For composite connections (steel beams with composite slab), the UK NA references SCI P213 for the additional design rules covering the influence of slab reinforcement on connection moment capacity.

Design Resources

UK Bolt Capacity Tables -- Fv,Rd and Ft,Rd for all classes
UK Bolt Spacing Requirements -- Table 3.3 edge distance and pitch
UK End Plate Connection Design -- Complete worked example
UK Brace Connection Design -- CHS/RHS bracing connections
UK Beam Design Guide -- Beam flexure, shear, and LTB
All UK Steel Design References -- complete library

Frequently Asked Questions

What is the standard UK beam-to-column simple connection?

The fin plate connection is the standard UK detail for beam-to-column simple connections. A 10-12 mm thick S355 plate is shop-welded to the column flange or web, and the beam web is site-bolted to the plate with M20 Class 8.8 bolts. The standard fin plate depth is approximately 0.6 times the beam depth, providing adequate rotational capacity (ductility) for simple construction. SCI P358 provides standardised capacity tables for all common UK beam and column sizes.

What is the component method for moment connections?

The component method models a moment connection as an assembly of discrete spring-like components (T-stub tension zone, column web compression, column web panel shear, etc.), each with its own force-deformation response. The connection moment-rotation curve is constructed by assembling the component responses. The design moment resistance M_j,Rd is the minimum of the capacities of the individual components, each multiplied by its lever arm from the centre of compression. This method is the standard approach for all moment connections designed to EN 1993-1-8.

What fillet weld size is standard for UK beam-to-column connections?

For beam web-to-fin plate welds, 6 mm fillet welds are standard for beams up to 610 mm depth. For end plate-to-beam flange welds, full-penetration butt welds or 8-10 mm fillet welds (both sides) are standard. The design resistance of a 6 mm fillet weld in S355 is F_w,Rd = 1.07 kN/mm. A weld length of 200 mm per side therefore provides 200 x 1.07 = 214 kN shear capacity -- adequate for most building beam end reactions.

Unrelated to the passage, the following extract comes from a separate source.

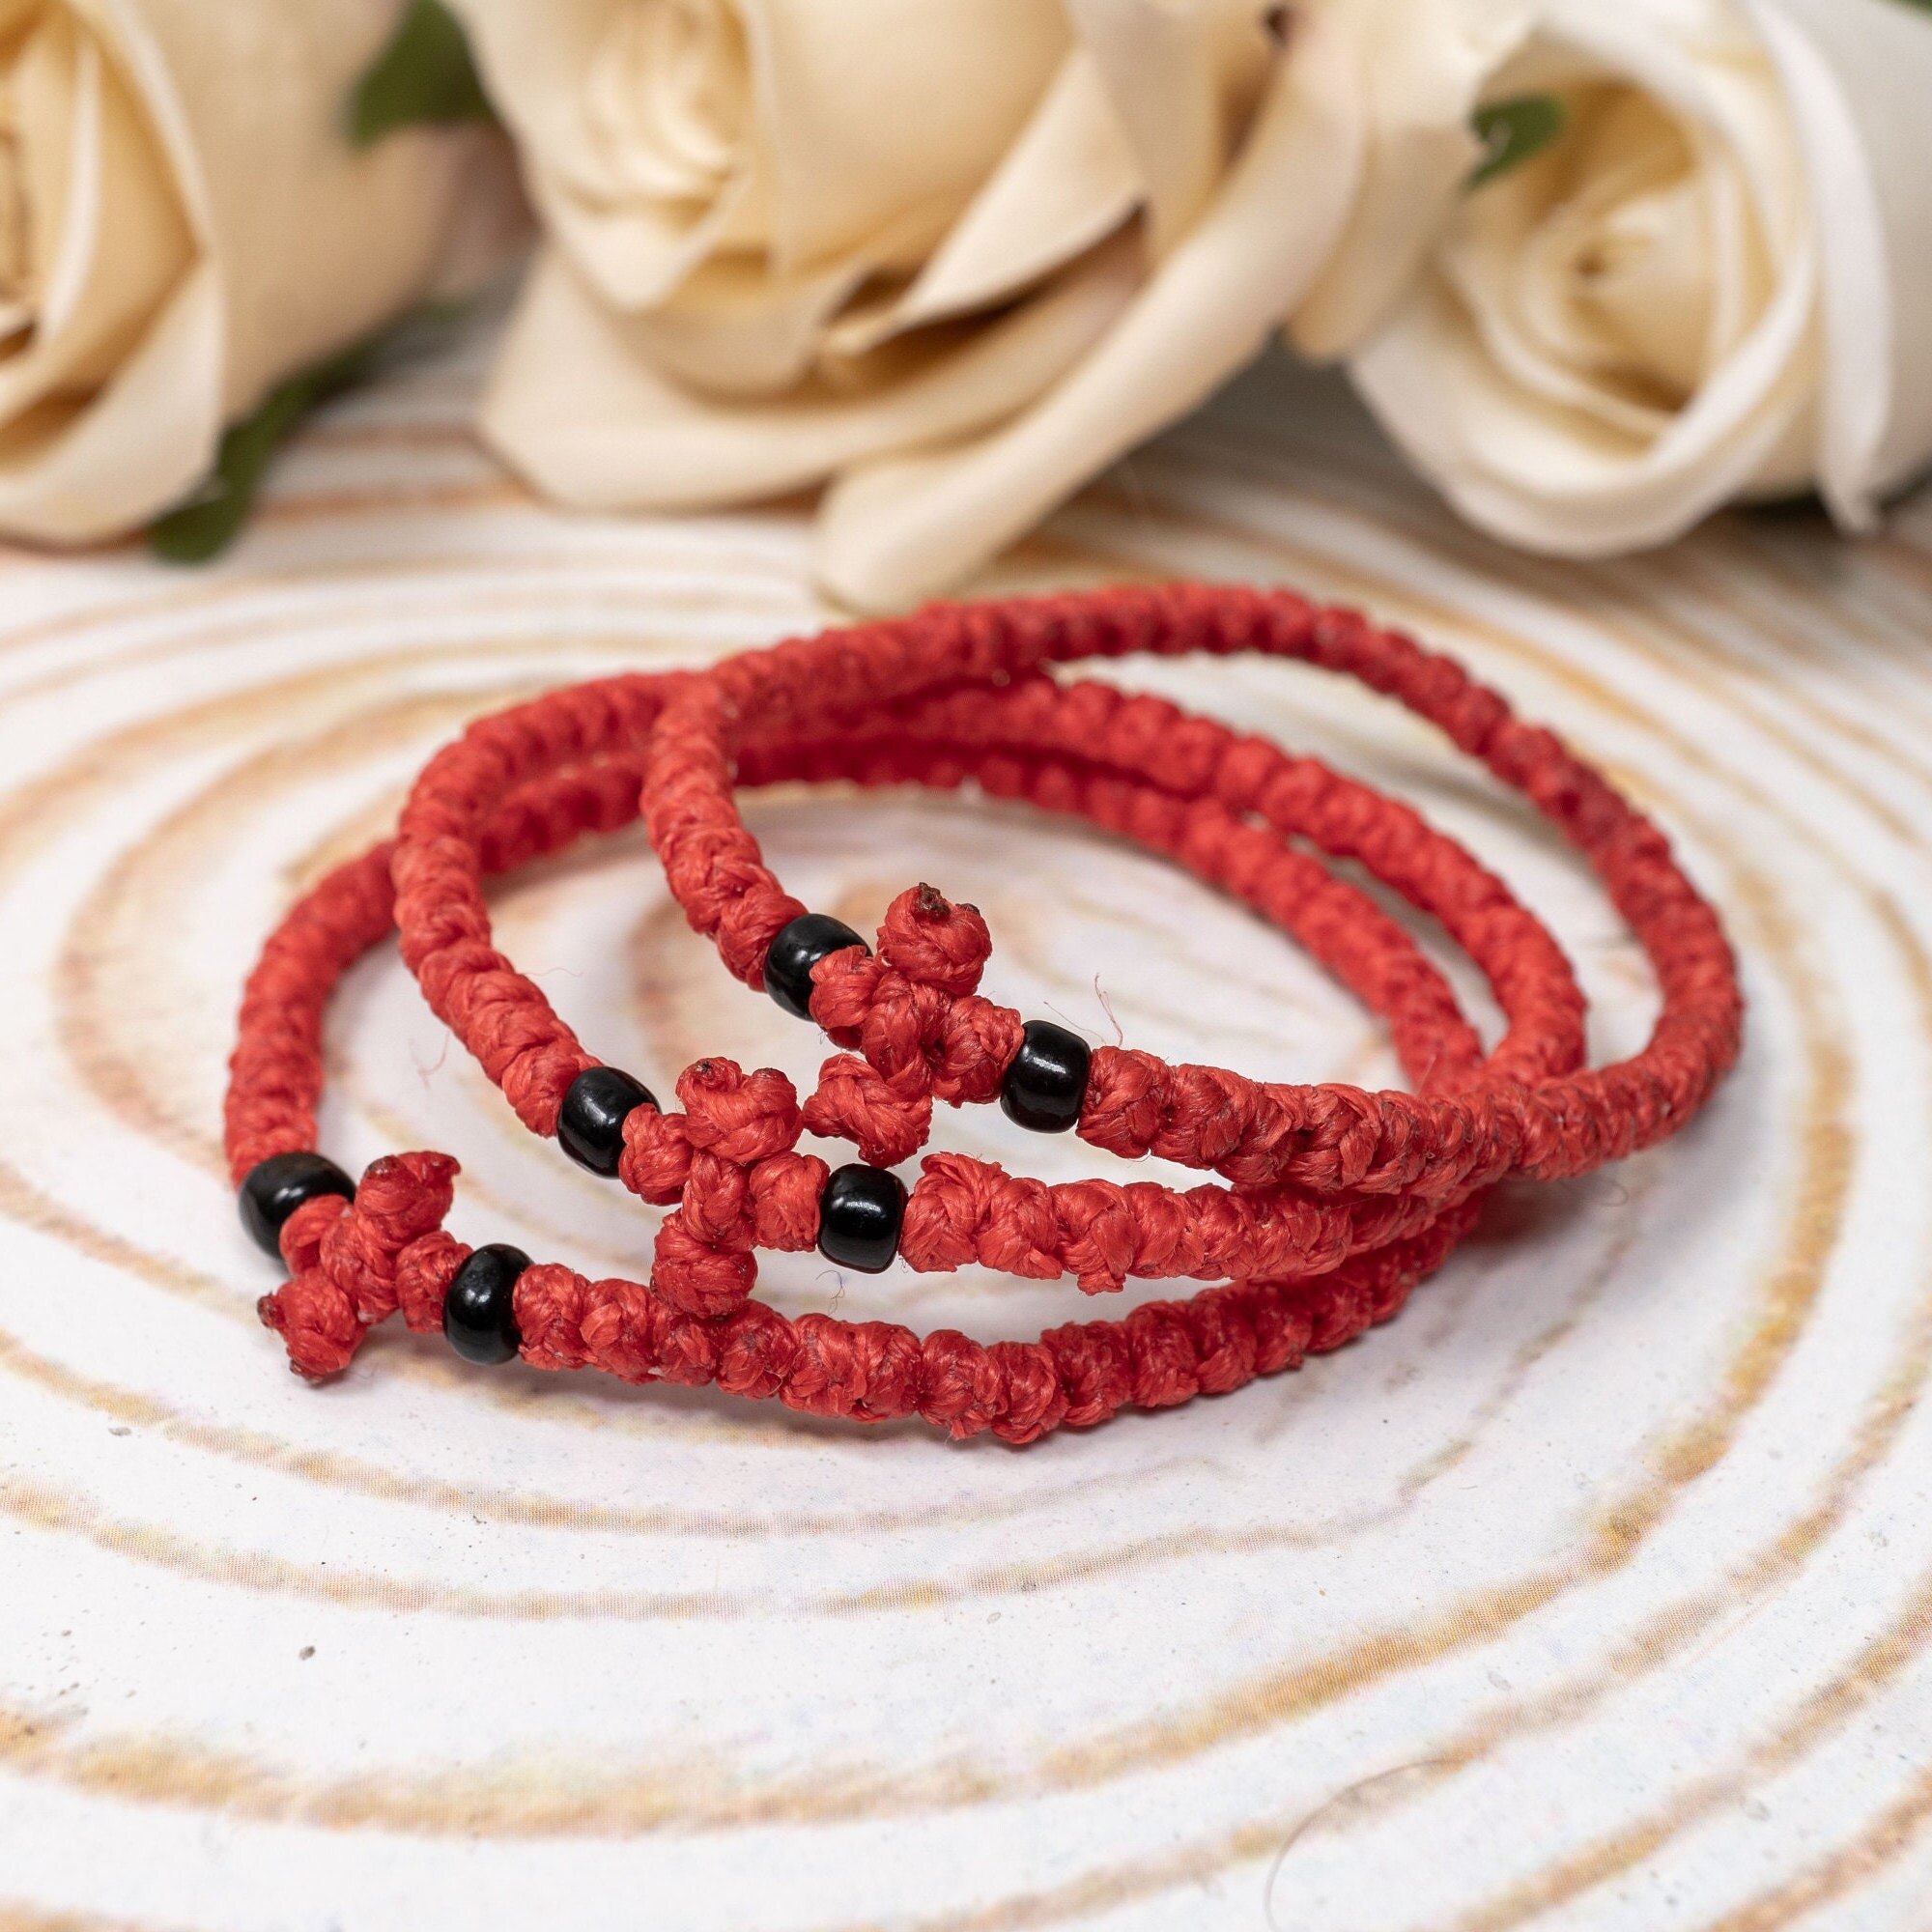 Hinduism (The forgotten facts) - SIGNIFICANCE OF THE RED THREAD TIED AROUND  THE WRIST By Stephen Knapp It is customary for Hindus to tie a red thread -  commonly called a mauli

Educational reference only. All design values are per BS EN 1993-1-8:2005 + UK National Annex and SCI P358. Verify all values against the current editions of the standards and the applicable National Annex for your project jurisdiction. Designs must be independently verified by a Chartered Structural Engineer registered with the Institution of Structural Engineers (IStructE) or the Institution of Civil Engineers (ICE). Results are PRELIMINARY -- NOT FOR CONSTRUCTION without independent professional verification.